Guide to productionizing a Hive query

Query

This Hive query is a simplified version of generate_wikipedia_preview_stats_daily.hql.


--
-- Populates the wikipedia_preview_stats table daily,
-- filtering webrequest data and aggregating it into interesting dimensions.
--
-- Parameters:
--     source_table         -- Fully qualified table name of the source webrequest data.
--     destination_table    -- Fully qualified table name for the wikipedia preview stats.
--     year                 -- Year of the partition to process.
--     month                -- Month of the partition to process.
--     day                  -- Day of the partition to process.
--
-- Usage:
--     spark3-sql -f generate_wikipedia_preview_stats_daily.hql \
--         -d source_table=wmf.webrequest \
--         -d destination_table=wmf_product.wikipedia_preview_stats \
--         -d year=2023 \
--         -d month=5 \
--         -d day=21
--

INSERT OVERWRITE TABLE ${destination_table}
    PARTITION(year=${year}, month=${month}, day=${day})
SELECT /*+ COALESCE(1) */
    SUM(CAST(is_pageview AS INT)) AS pageviews
FROM
    ${source_table}
WHERE
    x_analytics_map['wprov'] REGEXP '^wppw(\\d+)(t?)$'
    AND agent_type = 'user'
    AND webrequest_source = 'text'
    AND year = ${year}
    AND month = ${month}
    AND day = ${day}
;

Table-populating queries like that should always be accompanied by table-creating queries — for example: create_wikipedia_preview_stats_table.hql.

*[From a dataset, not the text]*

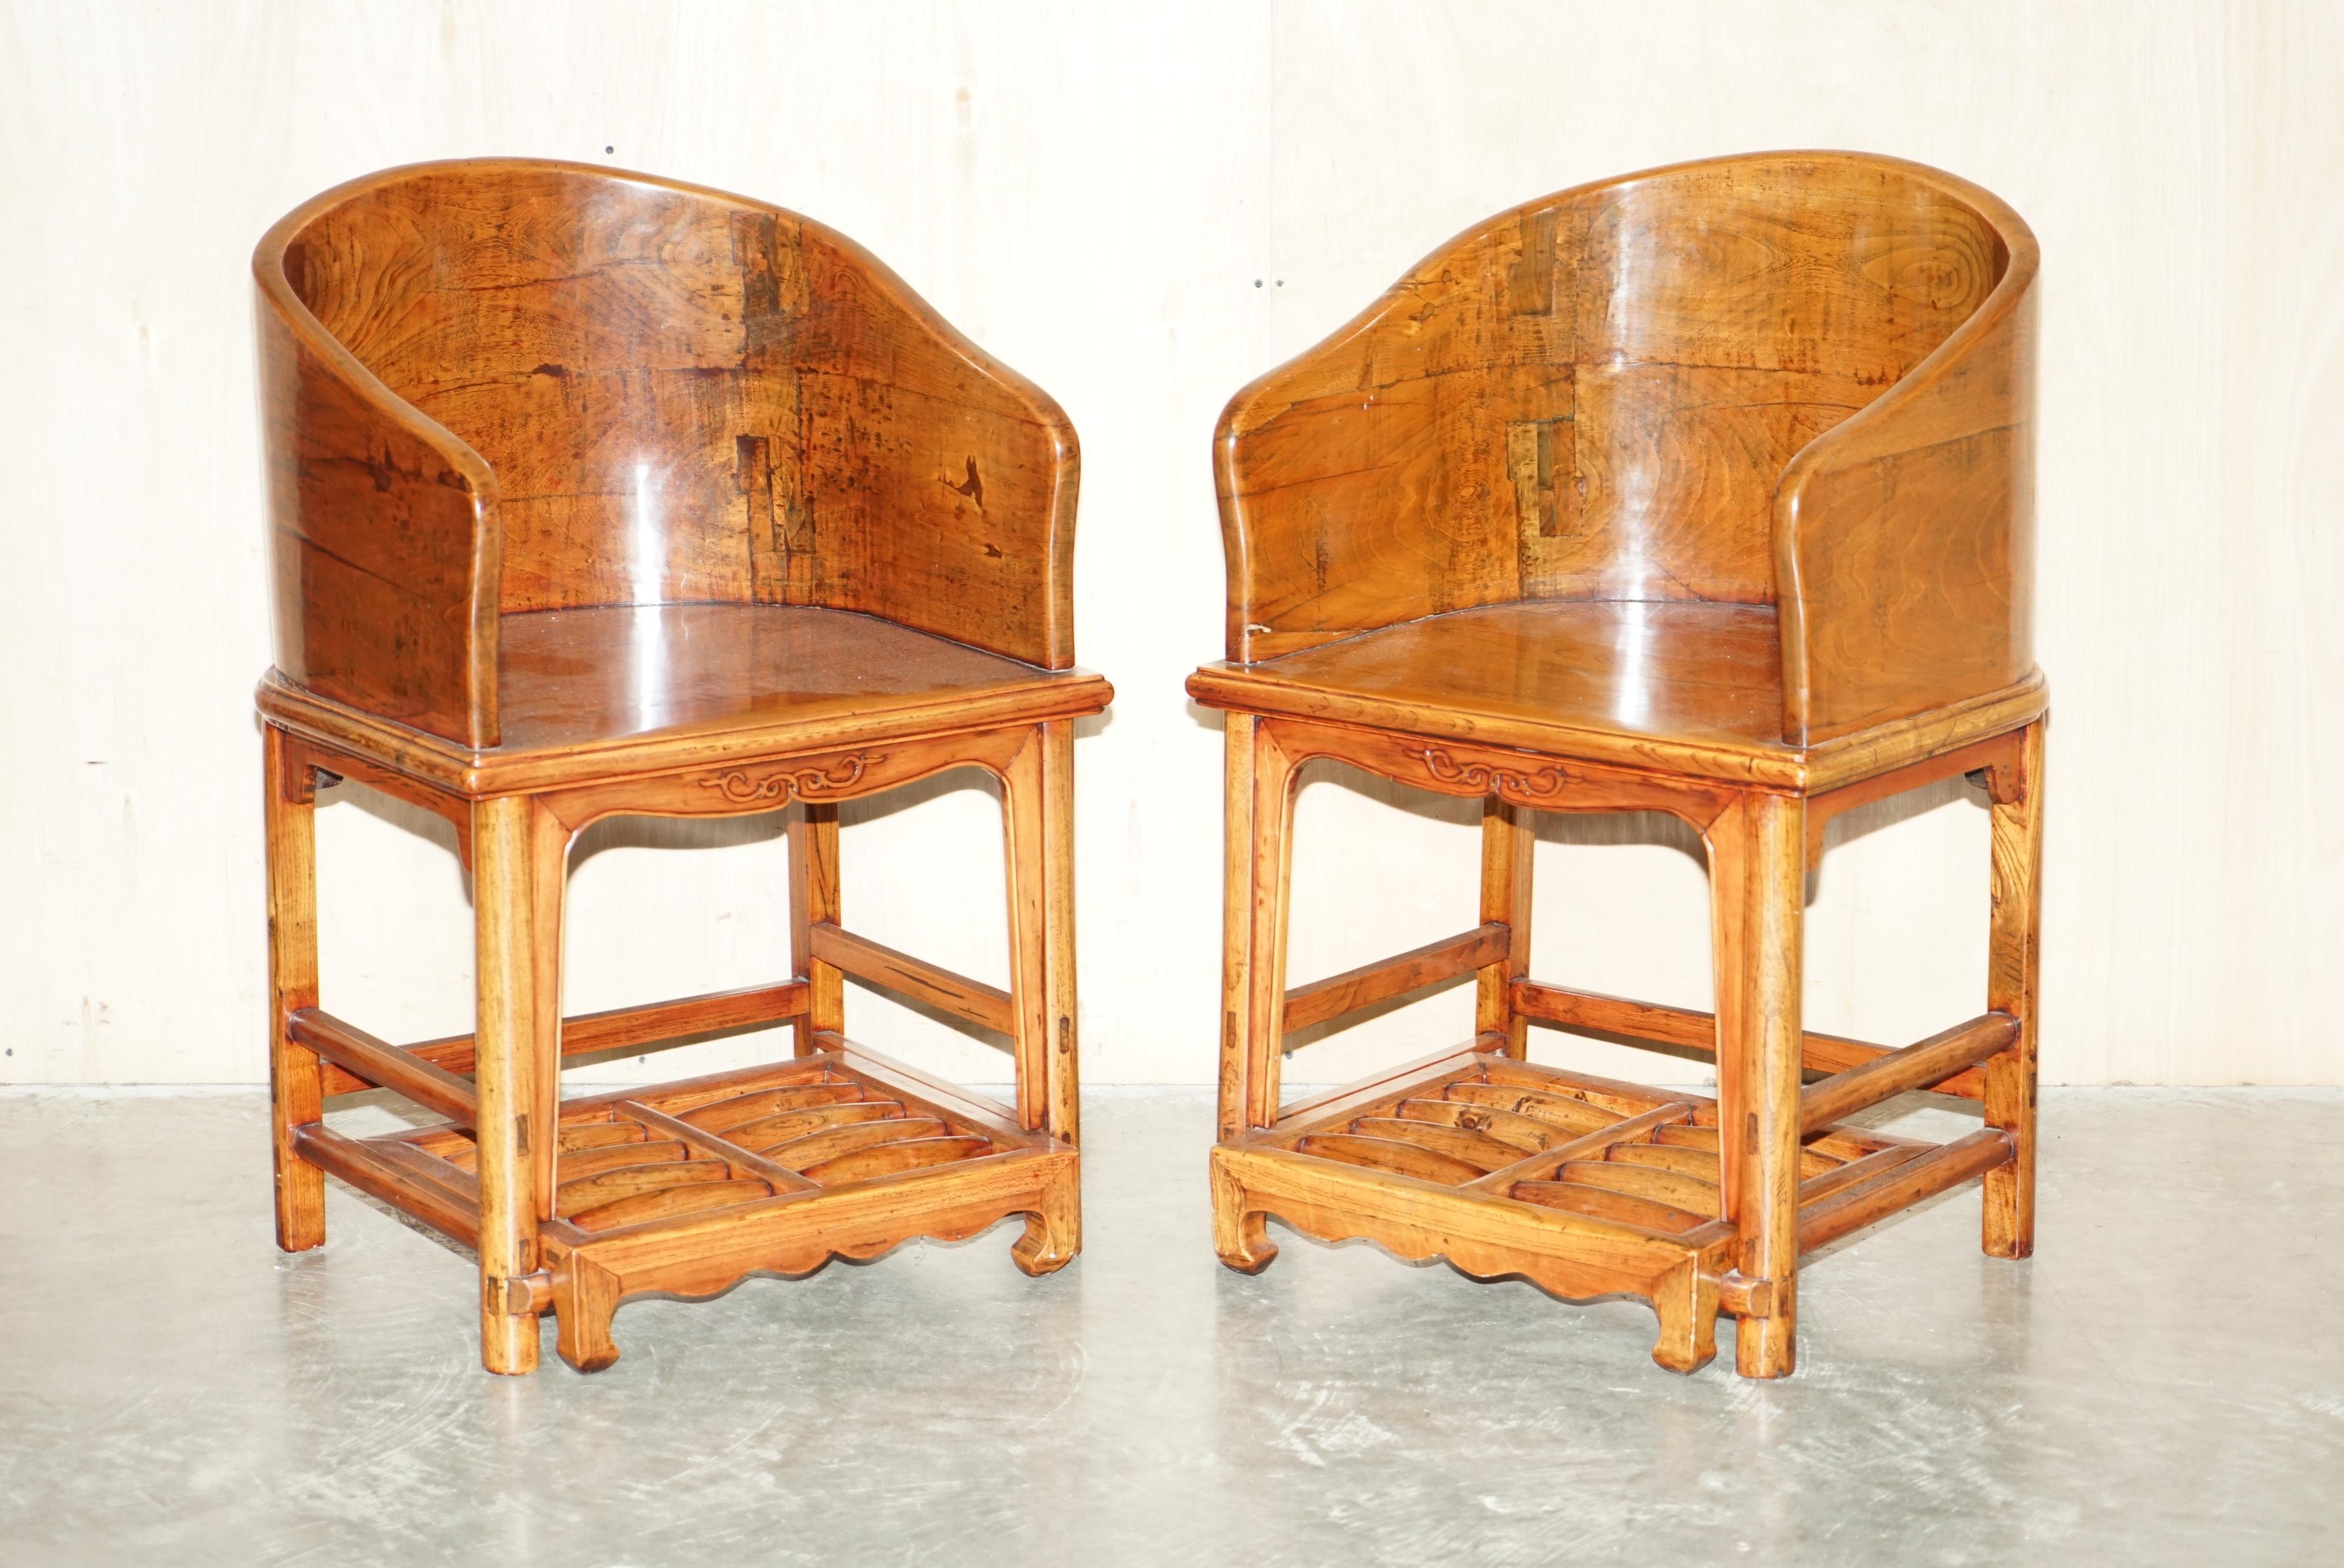 We are delighted to offer for sale this stunning pair of antique Chinese Elm Horseshoe chairs with slide out roller footrests.

A very good looking and decorative pair of antique Chinese Elm armchairs. They each have a slide out footrest which has

Effectively this is the command that Airflow generates and executes. It also demonstrates the values of the query's parameters.

As a best practice, do not hardcode table names in your query but make them parameters. This applies to both source_table and destination_table.

An instruction to Spark SQL to produce a single file within the partition.

Data Dependencies⇑ Top

The file datasets.yaml specifies all the source tables used by the queries to populate destination tables.


hive_wmf_webrequest_text:
  datastore: hive
  table_name wmf.webrequest
  partitioning: "@hourly"
  pre_partitions: ["webrequest_source=text"]

For more examples refer to Data Engineering's datasets.yaml.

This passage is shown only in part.